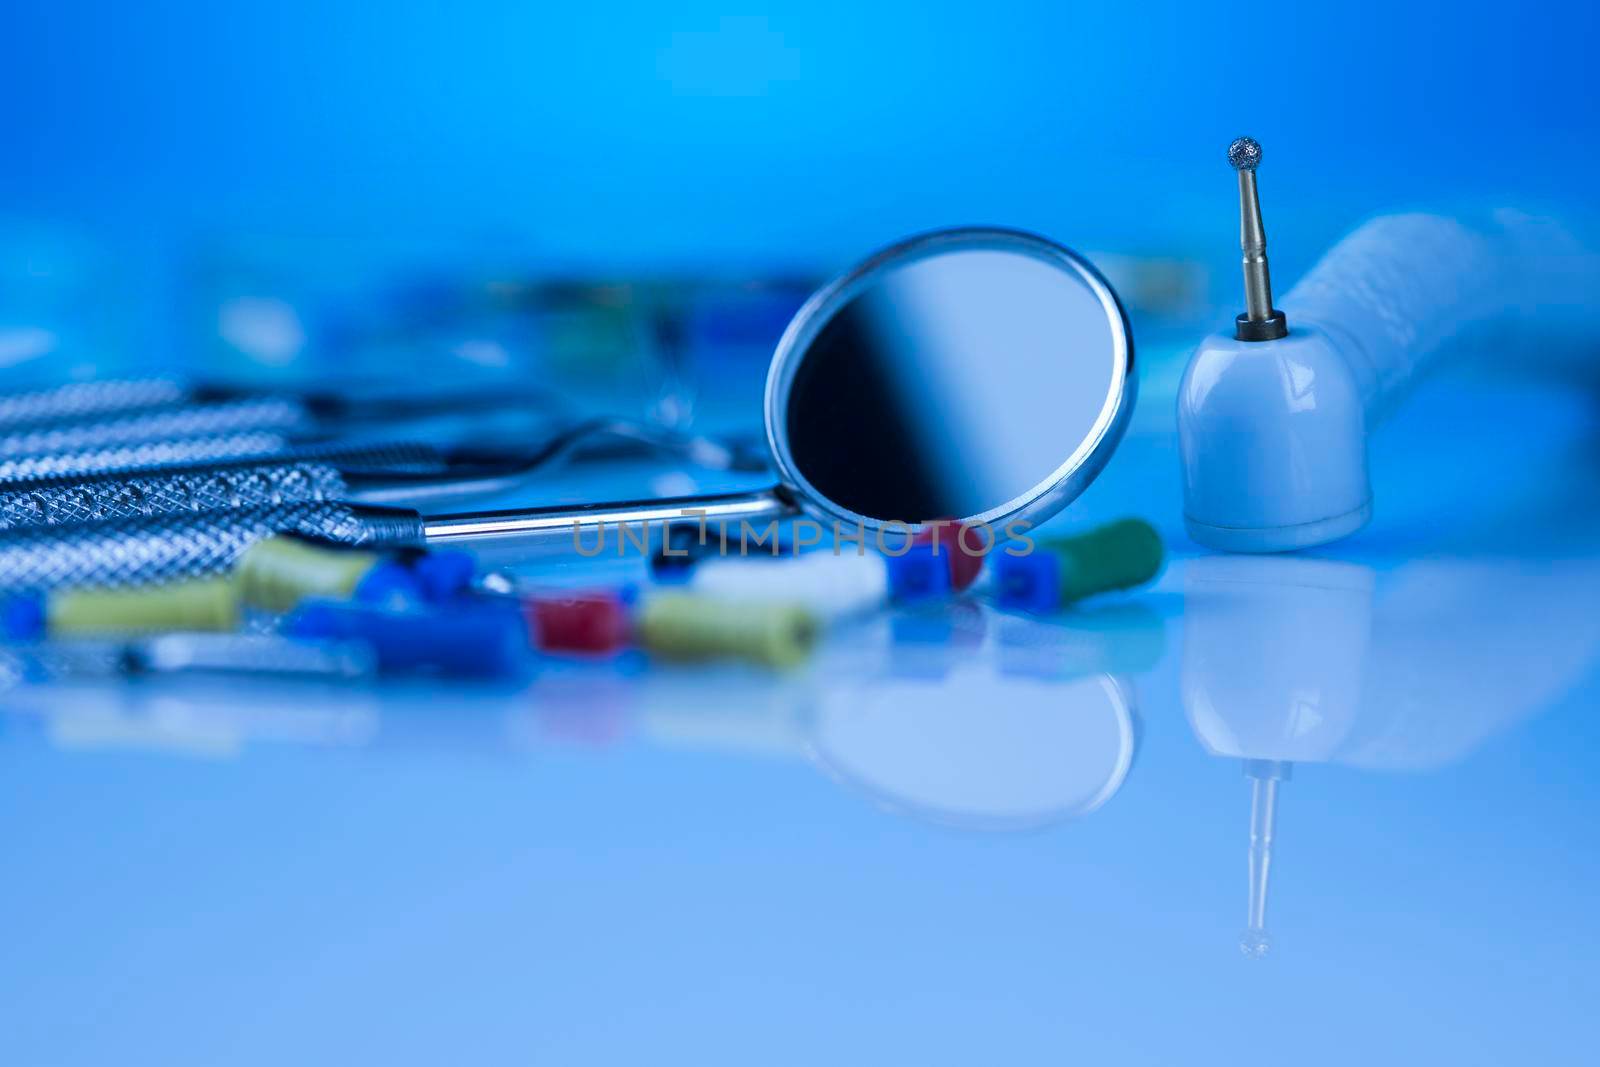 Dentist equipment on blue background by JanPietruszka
---
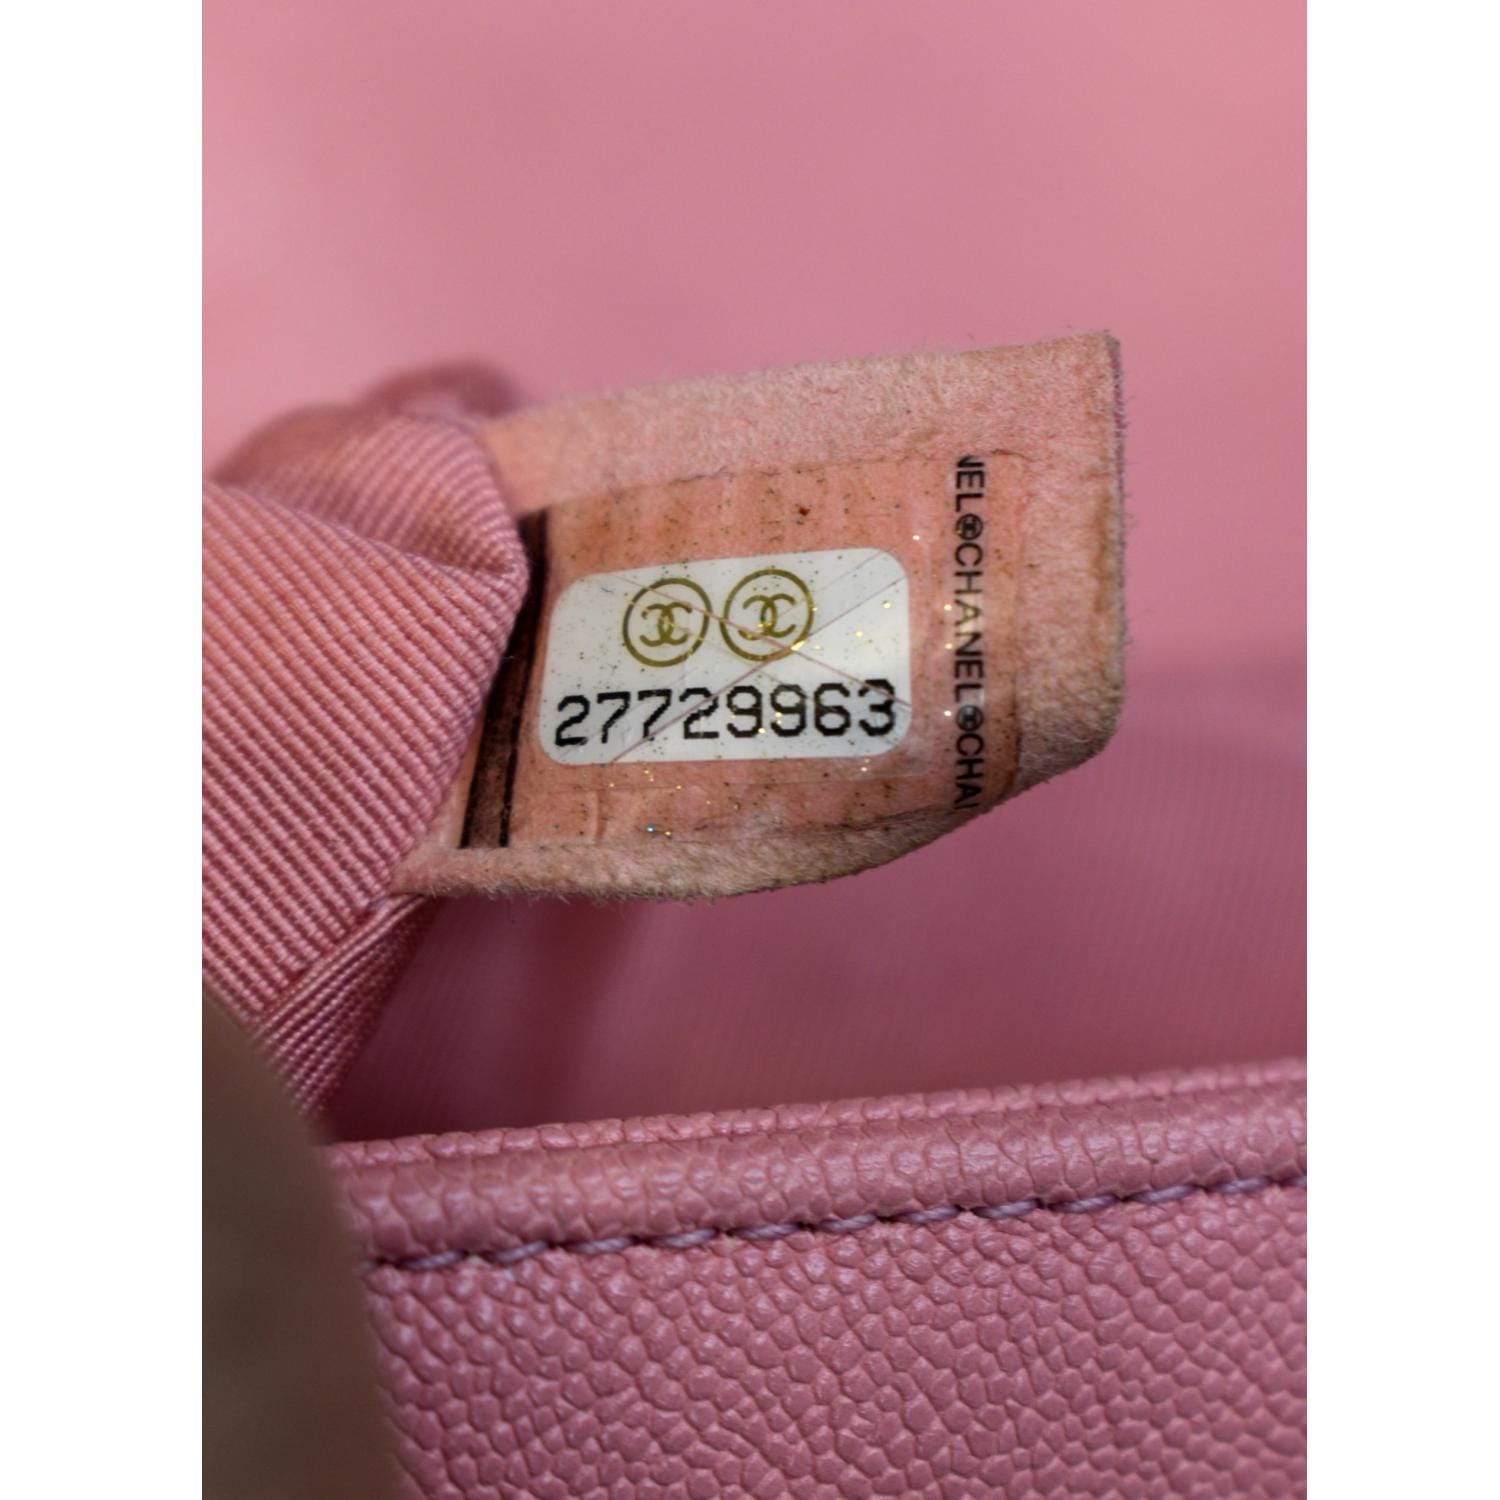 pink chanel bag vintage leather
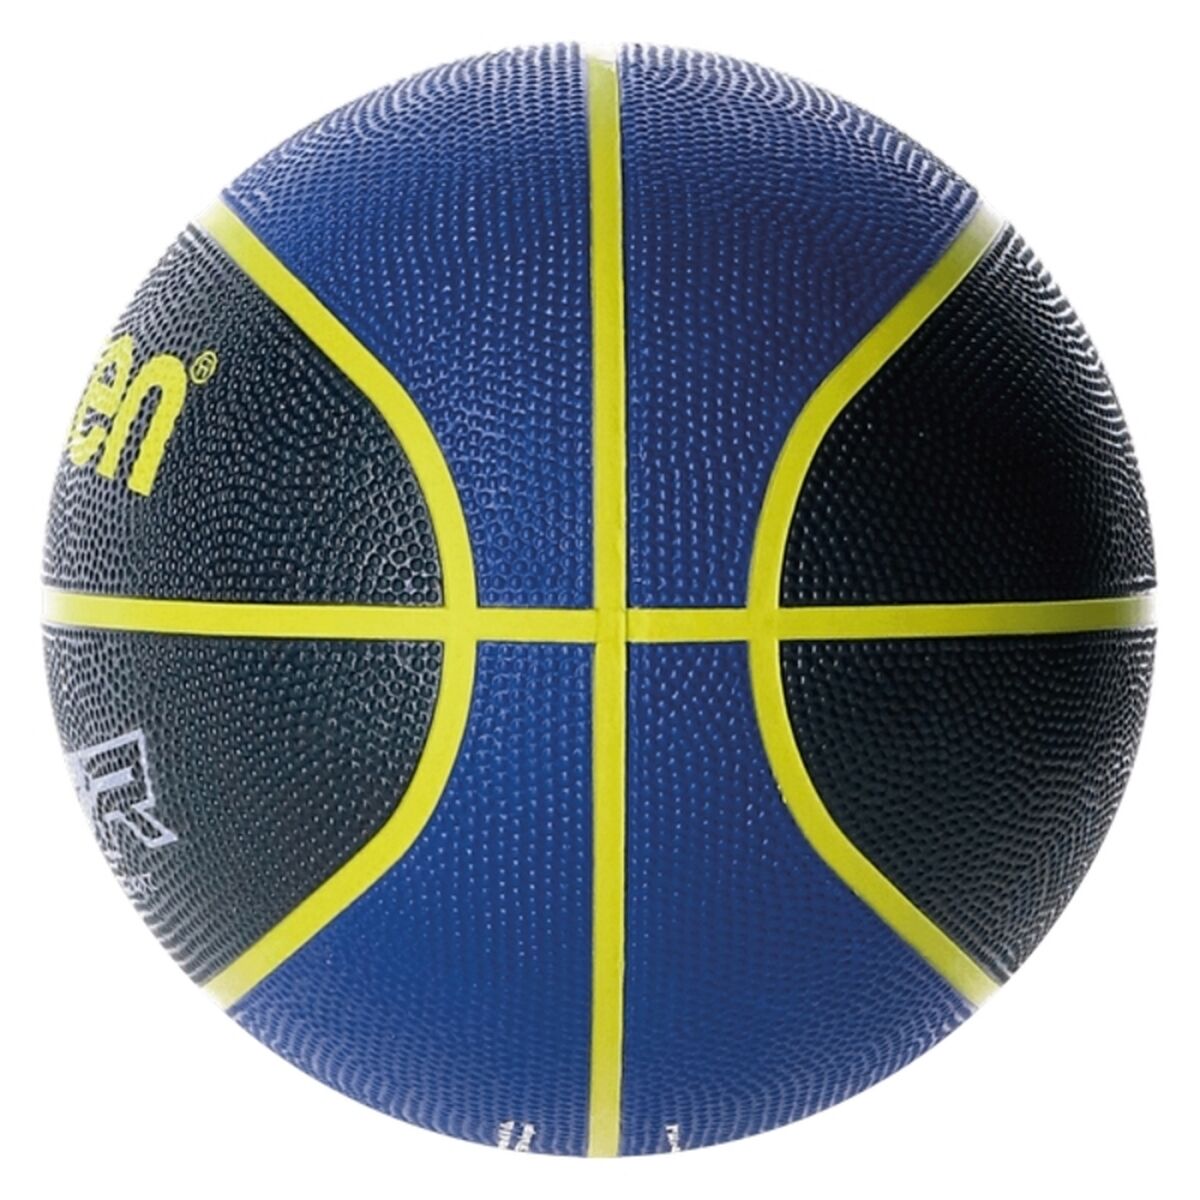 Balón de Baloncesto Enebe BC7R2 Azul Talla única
* * *
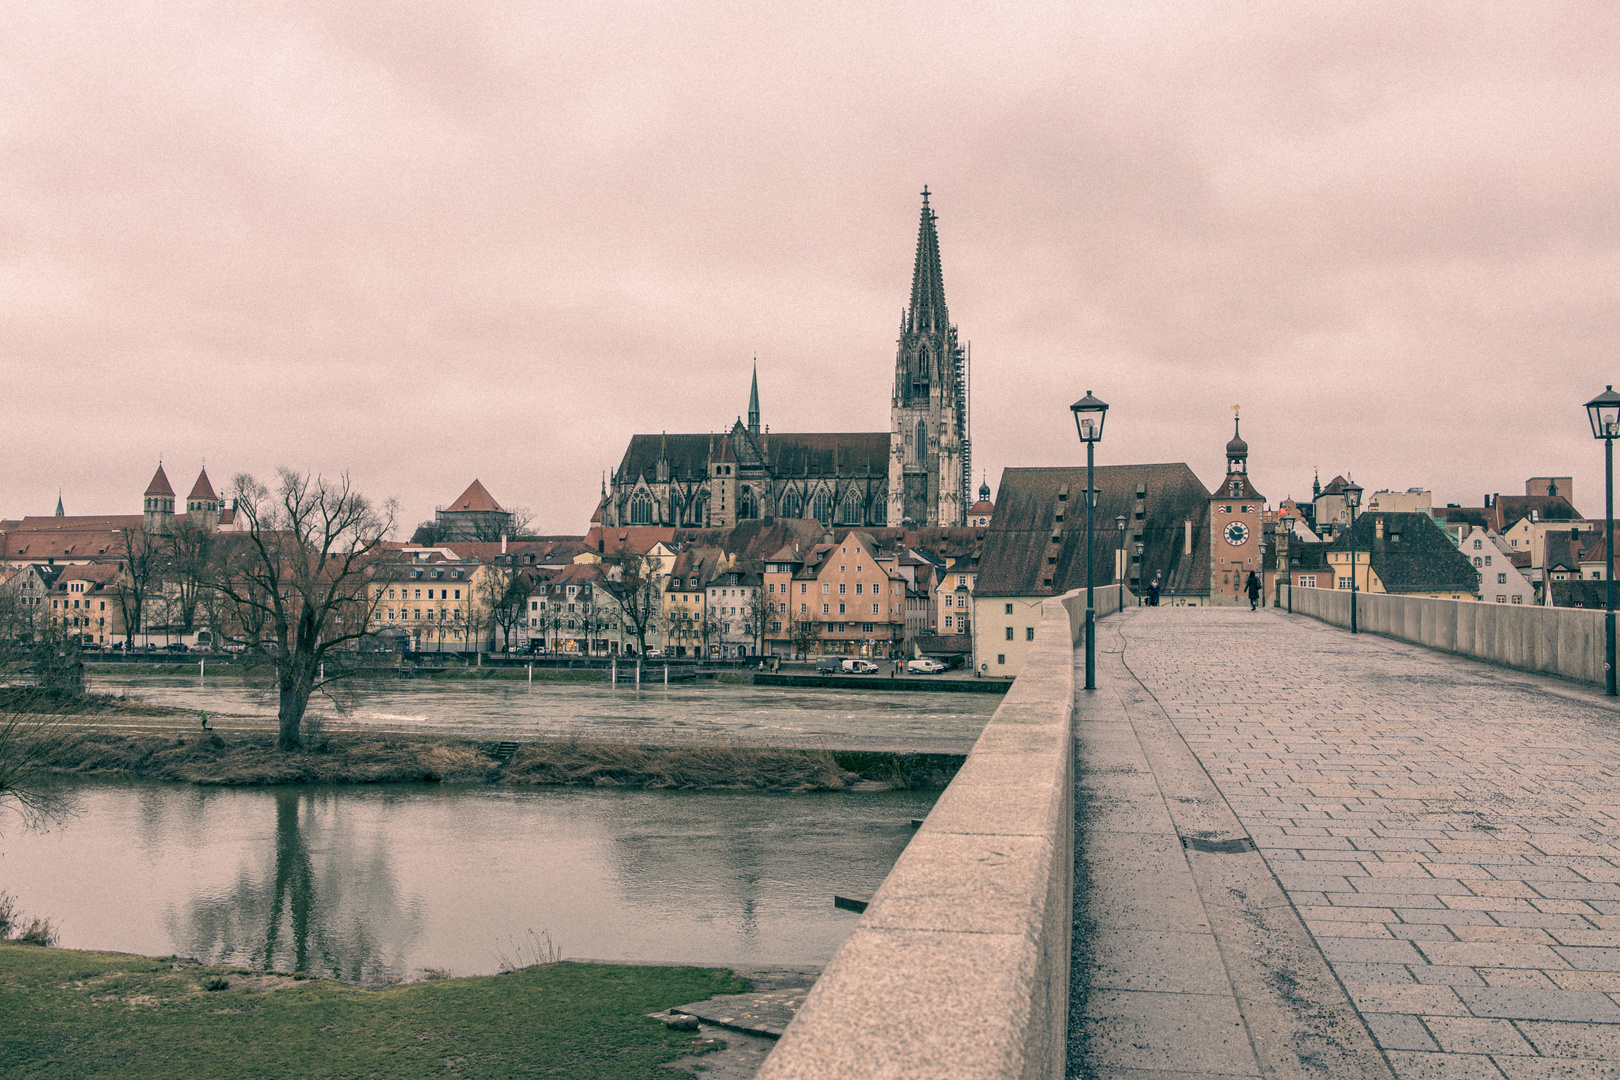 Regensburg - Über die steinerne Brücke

• _Problem statement_
The material above holds pictures; leave them out. Repeat exactly the lines from the one containing "pink chanel bag vintage leather" through the one containing "Balón de Baloncesto", and nothing else.

• _Exercise response_
 pink chanel bag vintage leather
 Balón de Baloncesto Enebe BC7R2 Azul Talla única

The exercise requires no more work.